The genetic information within a cell is stored in deoxyribonucleic acid (DNA), which exists as a double-helix structure composed of two long, complementary strands. To build proteins, the DNA sequence must first be copied into a messenger molecule (mRNA) through a process called transcription. The difference between the two DNA strands lies in their functional role during this initial copying stage.
Defining the Sense and Antisense Strands
The terms “sense” and “antisense” are functional labels describing which strand contains the readable protein code and which is used as the blueprint. These names are not permanent features of a strand but are defined relative to a specific gene being transcribed. A single DNA strand can contain the antisense sequence for one gene and the sense sequence for a different gene located further down the chromosome.
The antisense strand is the one that RNA Polymerase reads to construct the mRNA. It is also known as the template strand or the non-coding strand. Its sequence is complementary to the gene’s sequence, acting like a mold. Transcription uses the sequence of the antisense strand to build the new mRNA molecule one nucleotide at a time.
Conversely, the sense strand is often called the coding strand or the non-template strand. Although RNA Polymerase does not physically read this strand, its sequence is identical to the protein-coding message that will eventually be created. It holds the “sense” because its nucleotide sequence directly corresponds to the triplets (codons) that specify the amino acid sequence of the resulting protein. The only difference between the sense DNA strand and the final mRNA molecule is the substitution of thymine (T) with uracil (U) in the RNA.
The Role of Directionality
The distinction between the two strands is enforced by the inherent directionality of the DNA molecule, defined by the chemical structure of the nucleotide sugar-phosphate backbone. Each strand has a 5’ (five prime) end and a 3’ (three prime) end. The two strands of the DNA double helix are antiparallel, meaning they run in opposite directions; one strand goes from 5′ to 3′, while its partner runs from 3′ to 5′.
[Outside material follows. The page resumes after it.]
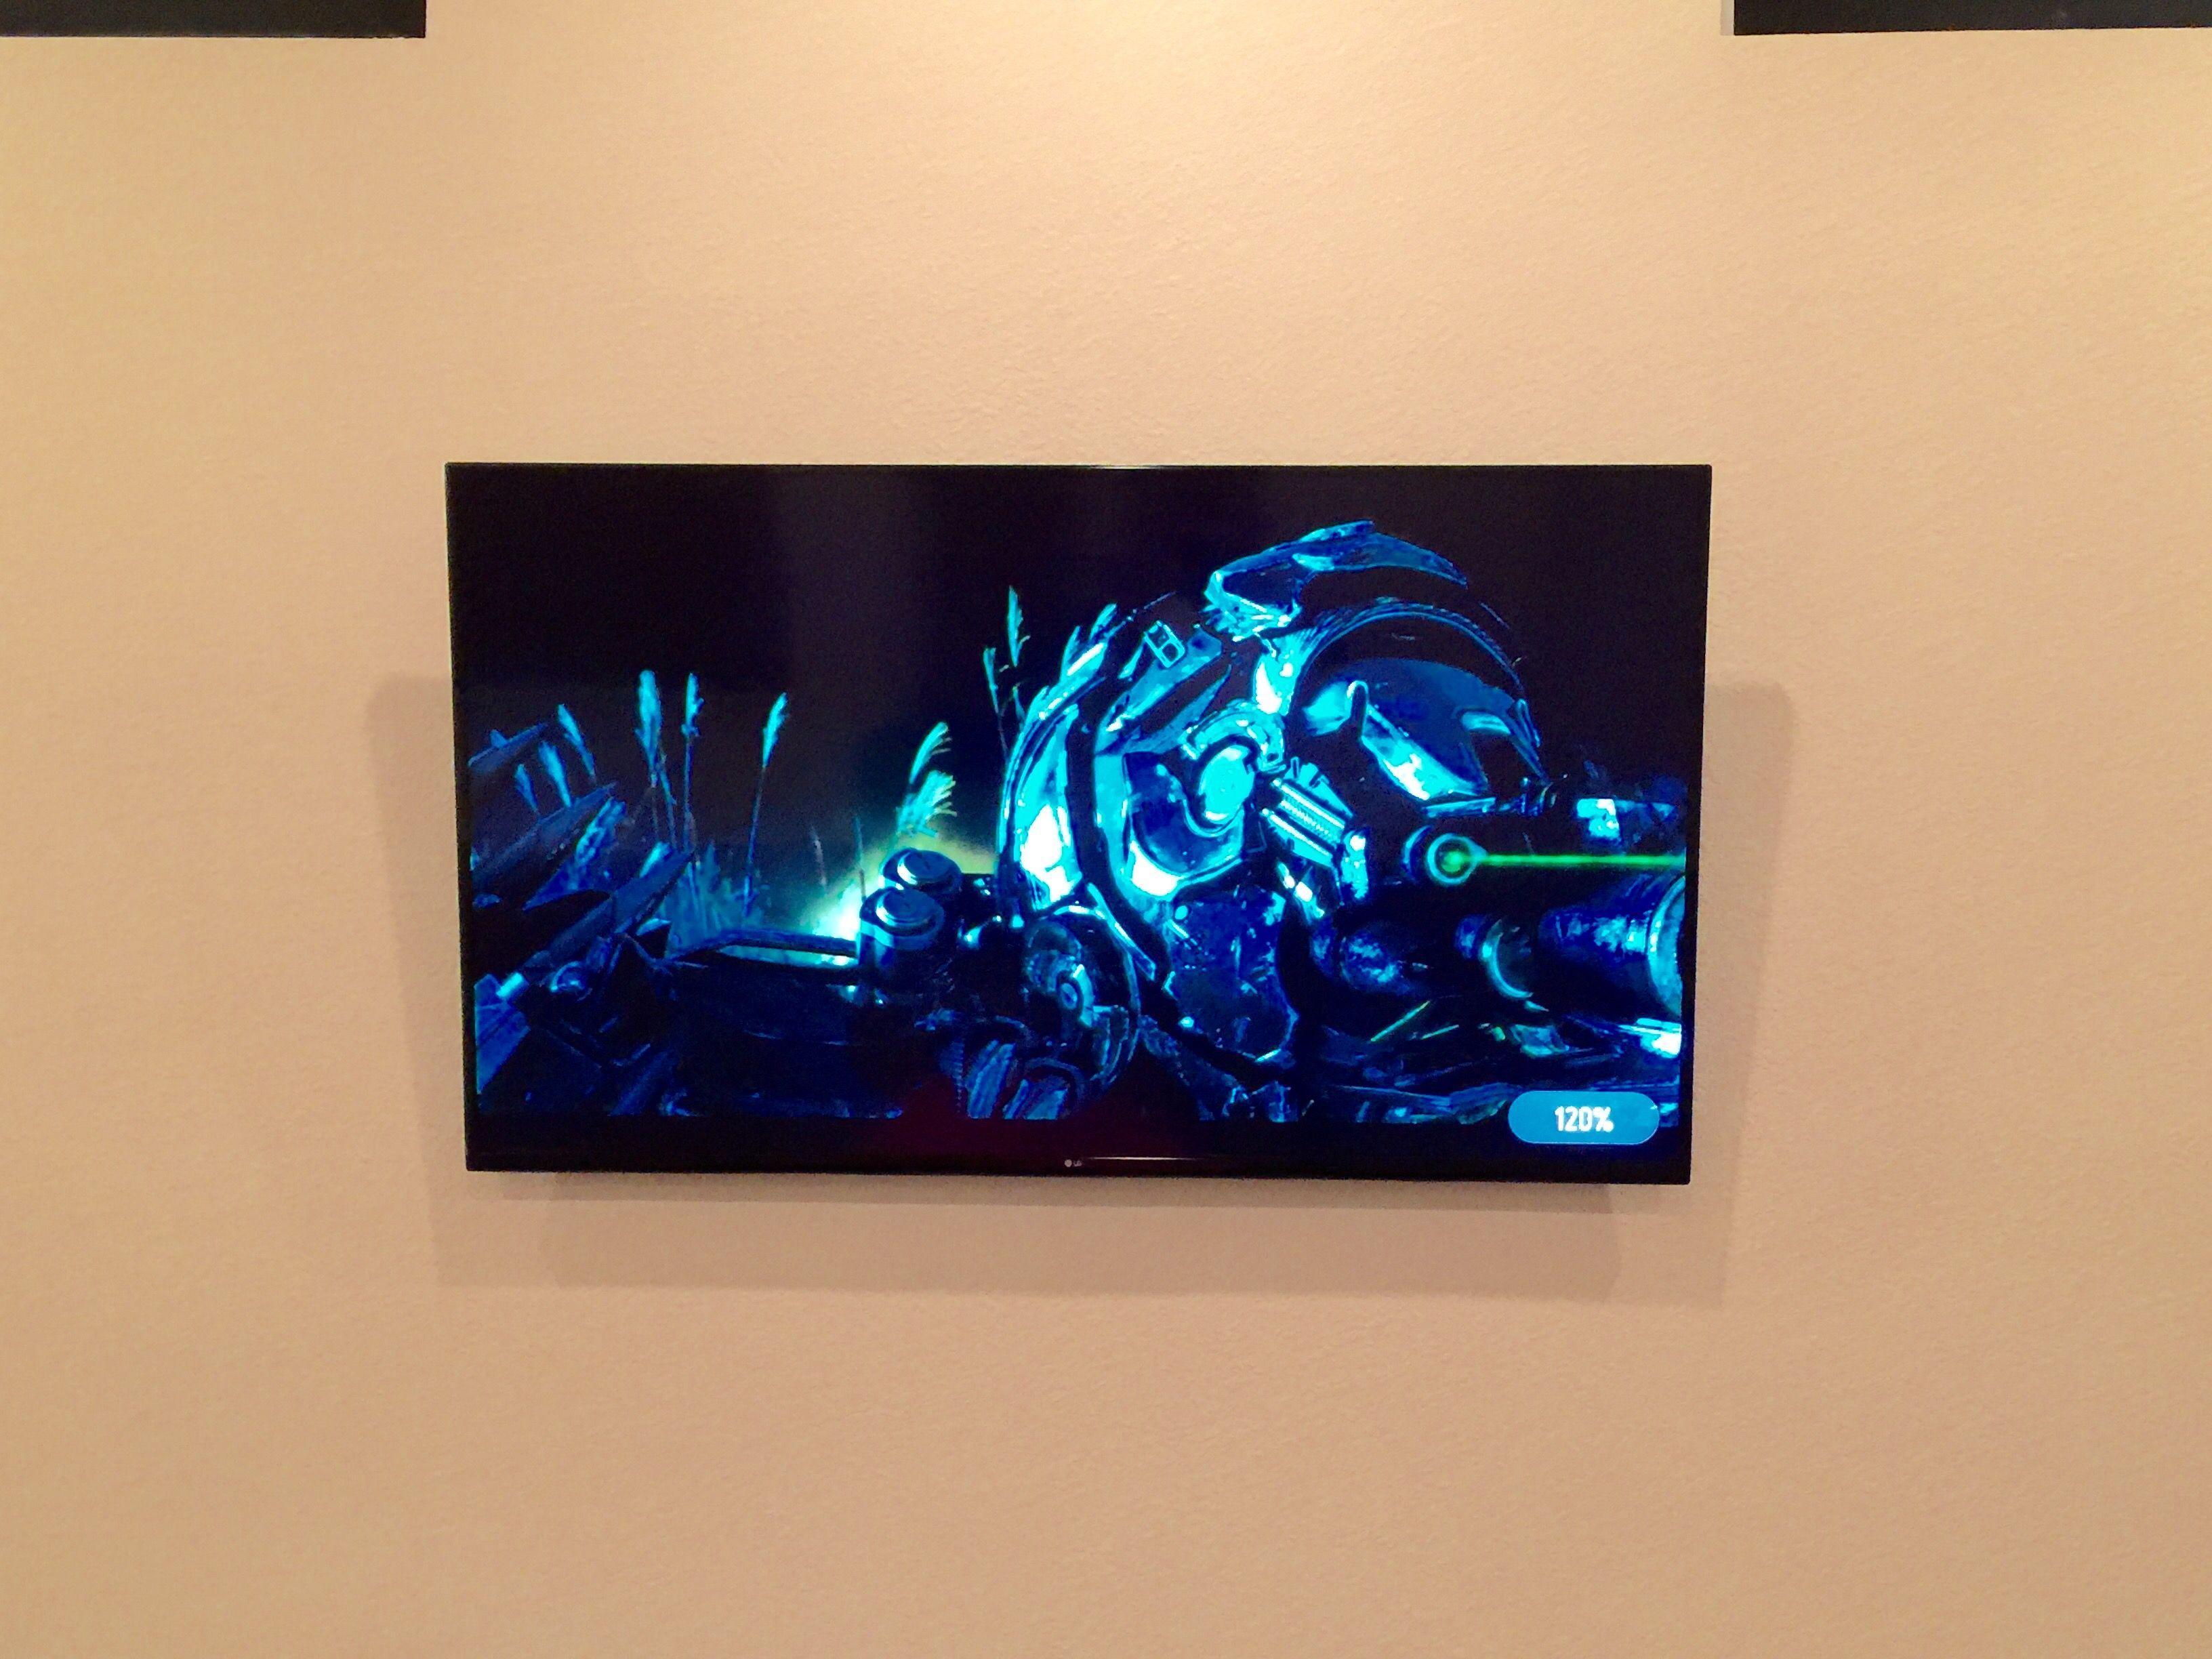 "75"" LG Smart LED TV on a Tilt Mount Wires Hidden in Wall"

This polarity is important because RNA Polymerase, the enzyme responsible for transcription, is a directional machine. The enzyme can only synthesize a new nucleic acid strand by adding nucleotides to the 3’ end of the growing chain. Consequently, RNA Polymerase must read the template strand in the 3’ to 5’ direction to create the new mRNA molecule in the opposite 5’ to 3’ direction.
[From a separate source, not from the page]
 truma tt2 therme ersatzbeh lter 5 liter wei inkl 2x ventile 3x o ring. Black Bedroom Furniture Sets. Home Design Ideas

The specific strand that functions as the antisense template is determined by the location of a region called the promoter, which signals the start of a gene. The promoter acts like a signpost, binding the RNA Polymerase and orienting it in a specific direction. Depending on the gene, the promoter can be positioned to make either of the two physical DNA strands serve as the template for transcription.
How Messenger RNA Confirms the Identity
The resulting messenger RNA (mRNA) molecule confirms the identity of the sense strand. During transcription, RNA Polymerase reads the antisense strand, matching its sequence using the base-pairing rules (A pairs with U, G pairs with C). Because the mRNA is built as a complement to the template, its sequence ends up being an exact mirror image of the antisense strand.
Since the antisense strand is complementary to the sense strand, the mRNA molecule carries the exact same sequence as the original sense strand. For example, if a segment of the sense strand reads 5′-ATGC-3′, the antisense template strand reads 3′-TACG-5′. The RNA Polymerase reads the 3′-TACG-5′ template and synthesizes the mRNA sequence 5′-AUGC-3′.
This resulting mRNA sequence, 5′-AUGC-3′, is an exact match to the sense strand, 5′-ATGC-3′, differing only by the substitution of Uracil for Thymine. This identical sequence is why the non-template strand is designated the “sense” strand; it contains the sequence that makes sense to the ribosome for translating the code into a protein. The mRNA is the portable copy that carries the genetic sense out of the nucleus for protein synthesis.
Antisense as a Therapeutic Tool
The precise nature of the antisense concept is harnessed in medicine through Antisense Oligonucleotides (ASOs). ASOs are short, synthetic strands of nucleic acids designed to be complementary to a specific target mRNA sequence within a cell. They act as a highly specific intervention to regulate gene expression.
When introduced, an ASO binds to its target mRNA molecule via base-pairing, forming a double-stranded hybrid structure. This binding triggers the cell’s natural defense mechanisms, which recognize and degrade the double-stranded RNA molecule. The destruction of the target mRNA prevents it from reaching the ribosome to be translated into a protein, thereby silencing the gene.
ASO technology is used to treat conditions caused by the overexpression or malfunction of a specific protein. By designing an ASO to destroy the problematic mRNA, researchers can reduce the levels of the harmful protein. This approach modulates gene expression without permanently altering the patient’s underlying DNA sequence, offering a highly targeted therapeutic option.